Сисс возвращается из туалета. Нина видит, что она подкрасила губы, яркие и без помады.
– Я как раз говорила Людвигу, что ошарашена, – говорит Нина. – Сколько помню, его интересовали только мальчики, но ладно, это уже глупо, меня это не касается.
– Понятно, что это неожиданно, – отвечает Сисс.
– Ты тоже была раньше другой ориентации? – спрашивает Нина.
– Нет, не была.
– Но тебя не смущает, что Людвиг был?
– Не смущает.
– Не обращай на нее внимания, – говорит Людвиг, – она из другого времени, тогда агрессивность рядилась под заботу, да так эта путаница и прижилась.
Людвиг берет Сисс за руку и делает ей знак идти.
– Вы пошли дальше?
– Да, пошли.
– Слушай, кстати, – вспомнила Нина, – мне нужна помощь с мобильником. Все время сама собой включается очень странная музыка. Бешеные ритмы, трубы и вообще.
– Наверно, не все время?
– По моим ощущениям, как будто непрерывно.
– Она тебе не нравится?
– У меня не всегда есть на нее силы.
– Я записал тебе диск с балканской музыкой. Думал, тебе понравится.
– Хотел меня удивить?
– Ну типа того.
– Какой ты милый…
– Ты постоянно говоришь, что тебя тянет танцевать…
– Тебе кажется, я об этом постоянно говорю?
– Да, говоришь.
– Конечно, не говорю, – объясняет Нина Сисс, – просто Людвиг обожает все преувеличивать. Но все-таки это было очень мило с твоей стороны, Людвиг, я попробую еще ее послушать. Вам пора, идите. Приятно было повидаться. Удачи вам.
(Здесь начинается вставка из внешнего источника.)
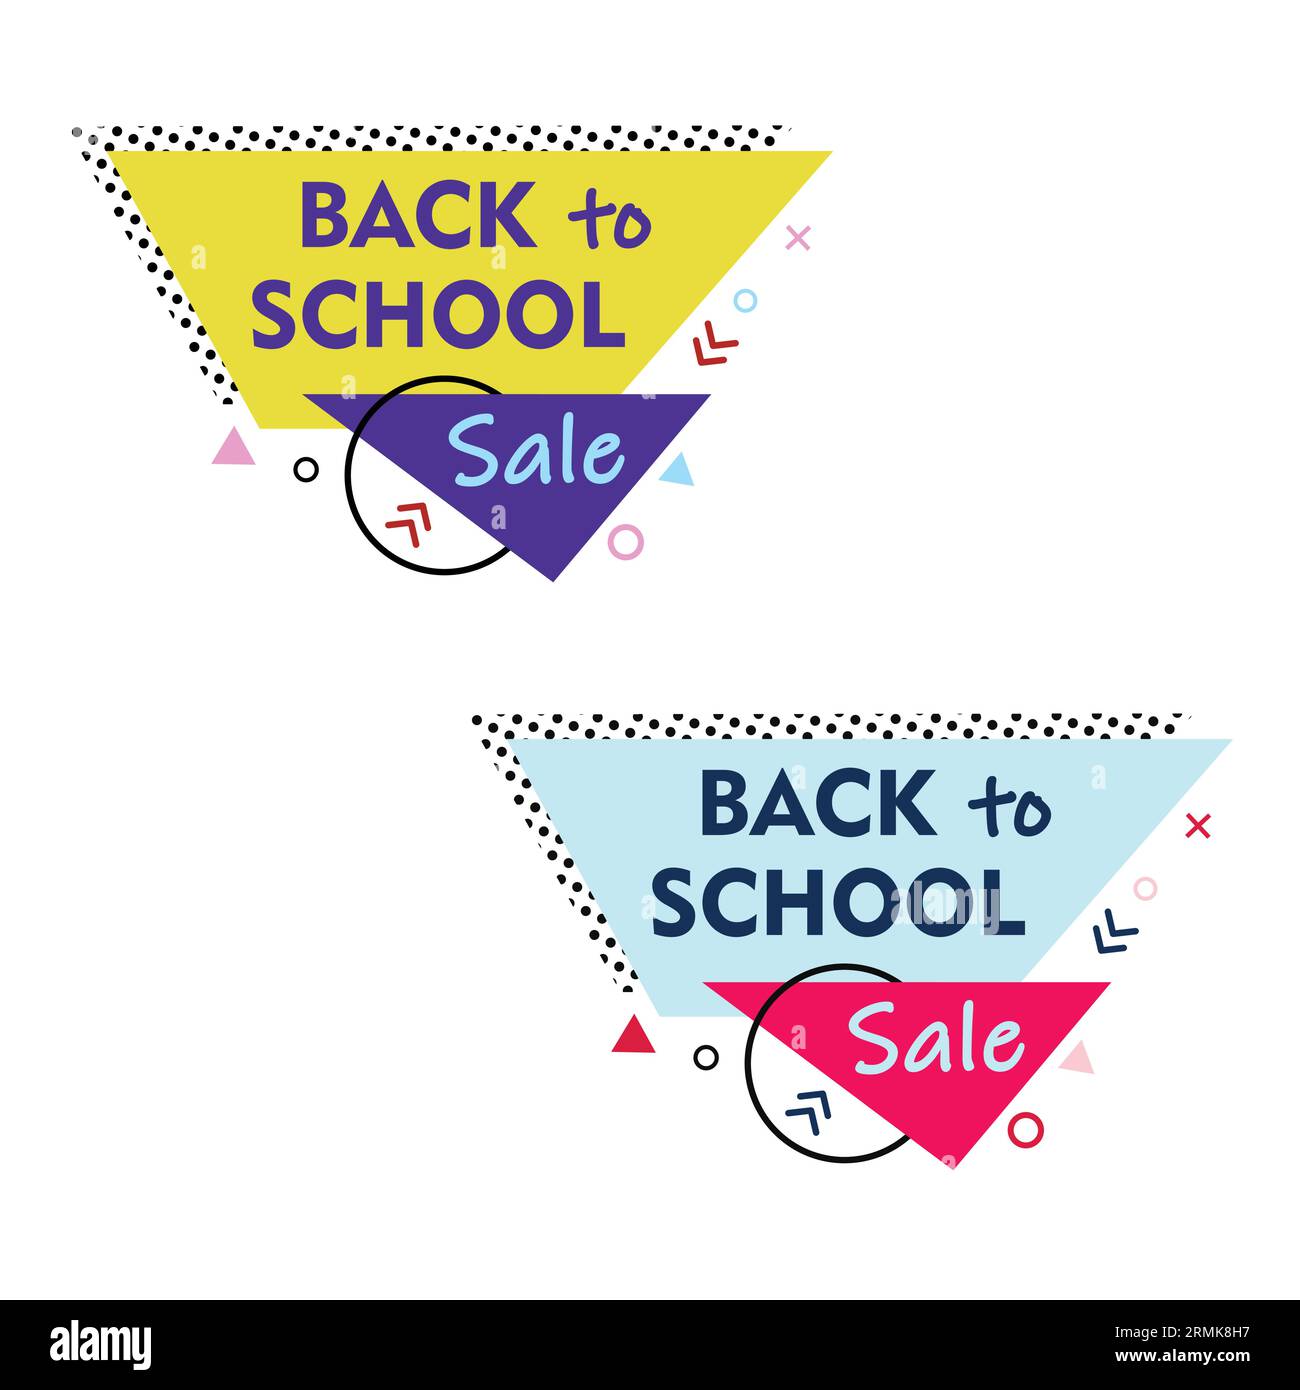 Back to school sale stickers in Memphis style with yellow, purple, blue, pink, red and black colors Stock Vector

Нина поворачивается, тоже собираясь встать, и на глаза Людвигу попадается пакет из винного магазина, который Нина машинально прикрывала спиной во время беседы.
– Ты заходила в винный?
– Что? Да, но это не мне, это в подарок. – Нина оборачивается к Сисс. – Одно время я выпивала, было дело.
– Людвиг говорил, – отвечает Сисс.
– Еще бы, – говорит Нина.
Нина замечает скепсис в глазах Людвига, когда он оборачивается, уходя. По правде сказать, во времена его юности были периоды, когда Нина могла бы пить поменьше. Она поднимает руку и машет ему. Он в ответ немного формально тоже делает движение рукой.
Свидание прошло не совсем так, как хотелось бы. Обычно она строит отношения с возлюбленными сына в иной манере и, окликая Людвига, собиралась быть гораздо приятнее в общении. Но, видно, слишком впечатлилась и кое-что сказала зря. Теперь Сисс, наверно, решит, что она сильнее зациклена на себе, чем на самом деле. Ладно, что уж теперь. Она сегодня не в лучшей форме. Но не хватало еще грузить молодежь рассказами, как неудачно у нее сегодня складывалась первая половина дня. Нехорошо мешать молодежи жить своей жизнью. Надо будет позвать их через пару недель на обед, думает Нина, если гетеросексуальность у Людвига не пройдет.
Четвертый этап
В банкомате Нина проверяет, сколько денег у нее на карточке. Аванс за «Босфор» должен был уже прийти, но пока не пришел. Она снимает остаток в четыреста крон, двести убирает в портмоне, двести кладет в карман. Предусмотрительно, скажете вы, но за этим стоит тщательно продуманная мелочность. Тысяча лет без денег приучили Нину к прижимистости. Она платит за товары и услуги по принципу «меньше не бывает».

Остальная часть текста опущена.